Data-Driven Modeling using Spherical Self-Organizing Feature Maps
Publisher: | Dissertation |
Pub date: | 2006 |
Pages: | 156 |
ISBN-10: | 1581123191 |
ISBN-13: | 9781581123197 |
Categories: | Computer Science Computers Science |
Abstract
Researchers and data analysts are increasingly relying on graphical tools to assist them in modeling their data, generating their hypotheses, and gaining deeper insights on their experimentally acquired data. Recent advances in technology have made available more improved and novel modeling and analysis media that facilitate intuitive, task-driven exploratory analysis and manipulation of the displayed graphical representations. In order to utilize these emerging technologies researchers must be able to transform experimentally acquired data vectors into a visual form or secondary representation that has a simple structure and, is easily transferable into the media. As well, it is essential that it can be modified or manipulated within the display environment.This thesis presents a data-driven modeling technique that utilizes the basic learning strategy of an unsupervised clustering algorithm, called the self-organizing feature map, to adaptively learn topological associations inherent in the data and preserve them within the topology imposed by its predefined spherical lattice, thereby transforming the data into a 3D tessellated form. The tessellated graphical forms originate from a sphere thereby simplifying the process of computing its transformation parameters on re-orientation within an interactive, task-driven, graphical display medium. A variety of data sets including six sets of scattered 3D coordinate data, chaotic attractor data, the more commonly used Fisher’s Iris flower data, medical numeric data, geographic and environmental data are used to illustrate the data-driven modeling and visualization mechanism.
The modeling algorithm is first applied to scattered 3D coordinate data to understand the influence of the spherical topology on data organization. Two cases are examined, one in which the integrity of the spherical lattice is maintained during learning and, the second, in which the inter-node connections in the spherical lattice are adaptively changed during learning. In the analysis, scattered coordinate data of freeform objects with topology equivalent to a sphere and those whose topology is not equivalent to a sphere are used. Experiments demonstrate that it is possible to get reasonably good results with the degree of resemblance, determined by an average of the total normalized error measure, ranging from 6.2x10-5 – 1.1x10-3. The experimental analysis using scattered coordinate data facilitates an understanding of the algorithm and provides evidence of the topology-preserving capability of the spherical self-organizing feature map.
The algorithm is later implemented using abstract, seemingly random, numeric data. Unlike in the case of 3D coordinate data, wherein the SOFM lattice is in the same coordinate frame (domain) as the input vectors, the numeric data is abstract. The criterion for deforming the spherical lattice is determined using mathematical and statistical functions as measures-of information that are tailored to reflect some aspect of meaningful, tangible, inter-vector relationships or associations embedded in the spatial data that reveal some physical aspect of the data. These measures are largely application-dependent and need to be defined by the data analyst or an expert. Interpretation of the resulting 3D tessellated graphical representation or form (glyph) is more complex and task dependent as compared to that of scattered coordinate data. Very simple measures are used in this analysis in order to facilitate discussion of the underlying mechanism to transform abstract numeric data into 3D graphical forms or glyphs.
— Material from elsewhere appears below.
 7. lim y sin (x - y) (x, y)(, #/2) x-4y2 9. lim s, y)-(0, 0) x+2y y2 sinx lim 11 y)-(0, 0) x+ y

Several data sets are used in the analysis to illustrate how novel characteristics hidden in the data, and not easily apparent in the string of numbers, can be reflected via 3D graphical forms.
The proposed data-driven modeling approach provides a viable mechanism to generate 3D tessellated representations of data that can be easily transferred to a graphical modeling and analysis medium for interactive and intuitive exploration.
About the Author
Dr. Sangole is currently a post-doctoral fellow in the School of Physical and Occupational Therapy at McGill University, Montreal - Quebec. Her research includes studying motor control of the hand in patients with hemiparesis following a stroke, with the objective of identifying motor compensatory strategies in the upper limb. Her overall research interests include investigating motor control issues in rehabilitation, specifically neuromuscular control of movement.
She is a mechanical engineer by training and her past research experience included interactive design, deformable
modeling, scientific data visualization and Computer Aided Design (CAD) data exchange. Driven by a personal interest in
rehabilitation she moved to Galveston, Texas to do research at the University of Texas Medical Branch and the Transitional
Learning Center--a post-acute rehabilitation facility for persons with brain injury. After completing a 2-year
postdoctoral stint in Texas she returned to Canada to continue her academic career.